Bard wondered if she had left court to avoid marriage to Geremy. He would certainly have seen this marriage as the best road to claim Ardrin’s throne. Was she waiting for him, somewhere, to come and claim her?
“Where is Carlina, then?”
“I know no more than you, my son. For all I know, she is within a Tower somewhere, learning the ways of a leronis, or even—” Dom Rafael raised his eyes to the newest group of fighters who had joined their army on the road, “she may have cropped her hair and taken the vows of the Sisterhood of the Sword.”
“Never!” said Bard, with a shudder of dismay, looking at the women in their scarlet cloaks. Women with their hair cropped shorter than a monk’s, women without grace or beauty, women who wore the Renunciate’s dagger, not in their boots as men did, but strapped across their breasts, in token that a man who laid a hand upon them would die, and that the woman herself would die before surrendering herself as a prize of war.
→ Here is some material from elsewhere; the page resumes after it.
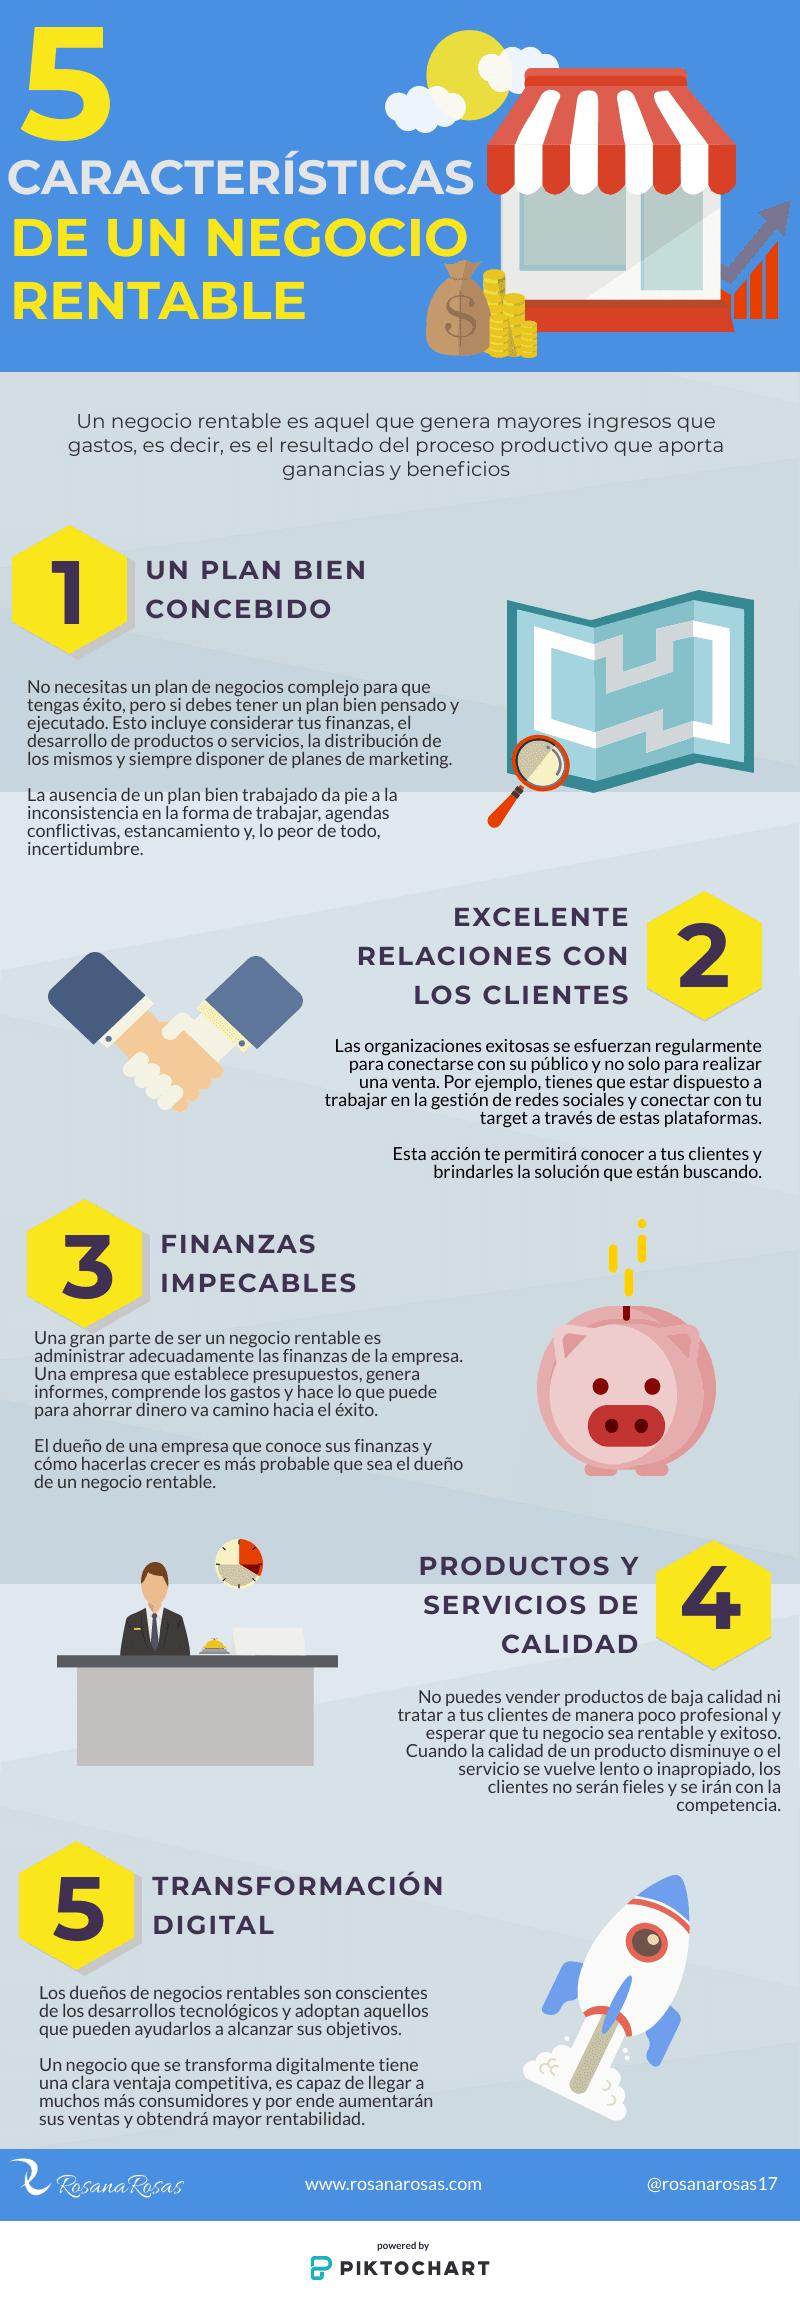 Infografia caracteristicas de negocio rentable

Under their cloaks they wore the odd garb of their sworn sisterhood, breeches and long laced jerkins to their knees, low boots tied around their ankles; their ears were pierced like those of bandits, long hoops dangling from the left earlobe.
“I wonder, my Father, that you will have these—these bitches with us.”
“But,” said Dom Rafael, “they are fighters of great skill, pledged to die rather than fall to an enemy; not one has ever been taken prisoner, or betrayed her oath of service.”
“And you mean to tell me that they live without men? I do not believe it,” Bard jeered. “And what do the men think, riding with women who are not camp followers?”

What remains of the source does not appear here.